CPPIB has mostly focused on late-stage investments thus far. In November, the fund invested in a Series H round for ChargePoint, a San Francisco-based electric car charging network. In the past three weeks, CPPIB has also invested in seven-year-old Byju’s, a Bangalore-based edtech company, and 120-year-old Berlin Packaging, a Chicago-based packaging firm. According to publicly-available Crunchbase data, the largest round the company has participated in to date was a US$4-billion Series F in Meituan-Dianping, a Beijing-based company, in 2017.

These new efforts are part of a more public emphasis by Canada’s largest pension plan to focus on how technologies are disrupting specific industries that may affect their investment portfolio.

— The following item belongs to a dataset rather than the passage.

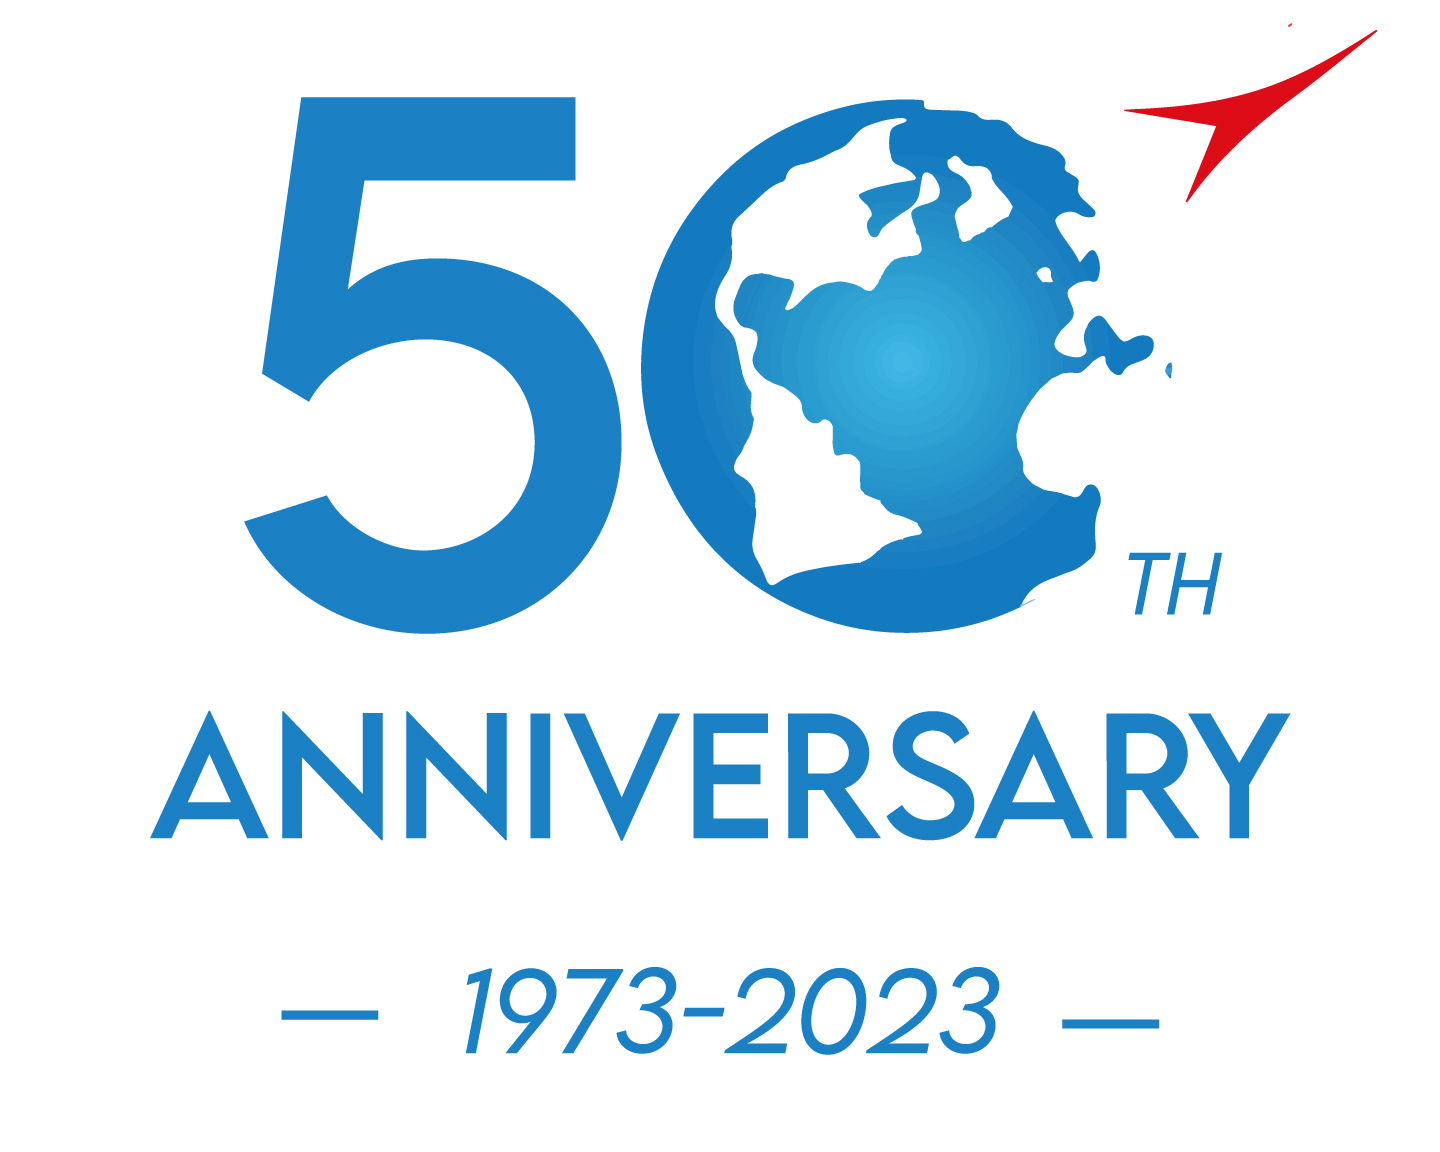 Sepro 50th anniversary - 2023
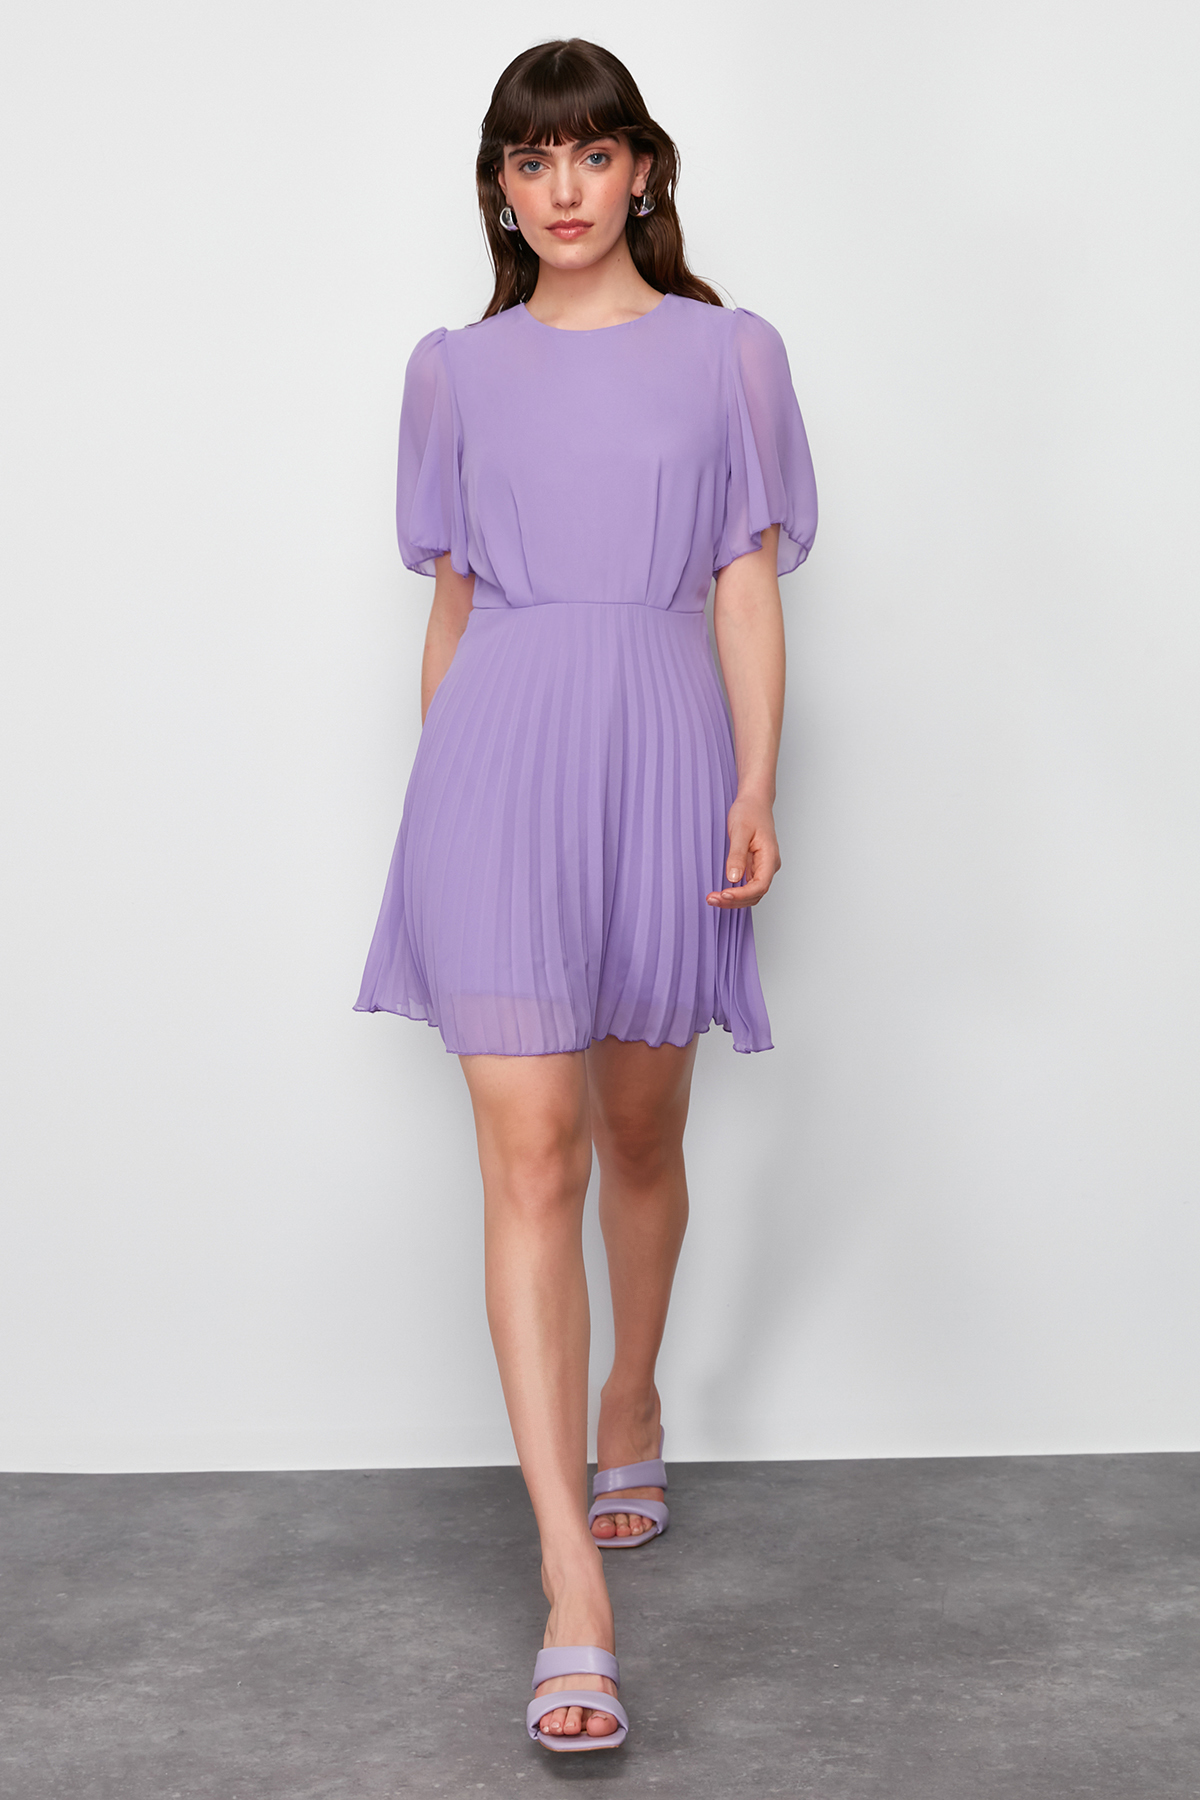 Trendyol Purple Skirt Pleated Lined Chiffon Mini Woven Dress

In a speech at the Canadian Club in Toronto last month, CEO Mark Machin said the fund needs to be an expert in what he called “the implications business,” which he described as “predicting the future so we can benefit from its growth and profit from it for the benefit of Canada’s millions of pensioners.”

“At CPPIB, we have an obligation to analyze how these technologies are disrupting specific industries that may affect our investments not only today but decades ahead,” said Machin.

CPPIB isn’t the only Canadian pension fund that’s stepped up its tech focus in recent years. Caisse de dépôt et placement du Québec, the country’s second-largest pension fund, invested $40 million in travel app Hopper in 2016. It also led a US$166-million Series D round in Lightspeed, a point-of-sale software company, in 2017.

The Ontario Municipal Employees Retirement System (OMERS) has its own VC division, OMERS Ventures, which is one of the country’s leading funds. And, the Ontario Teachers’ Pension Plan recently bought a minority share in Fleet Complete, a connected vehicle tech firm; it has also invested in Lyft and Indian e-commerce platform SnapDeal.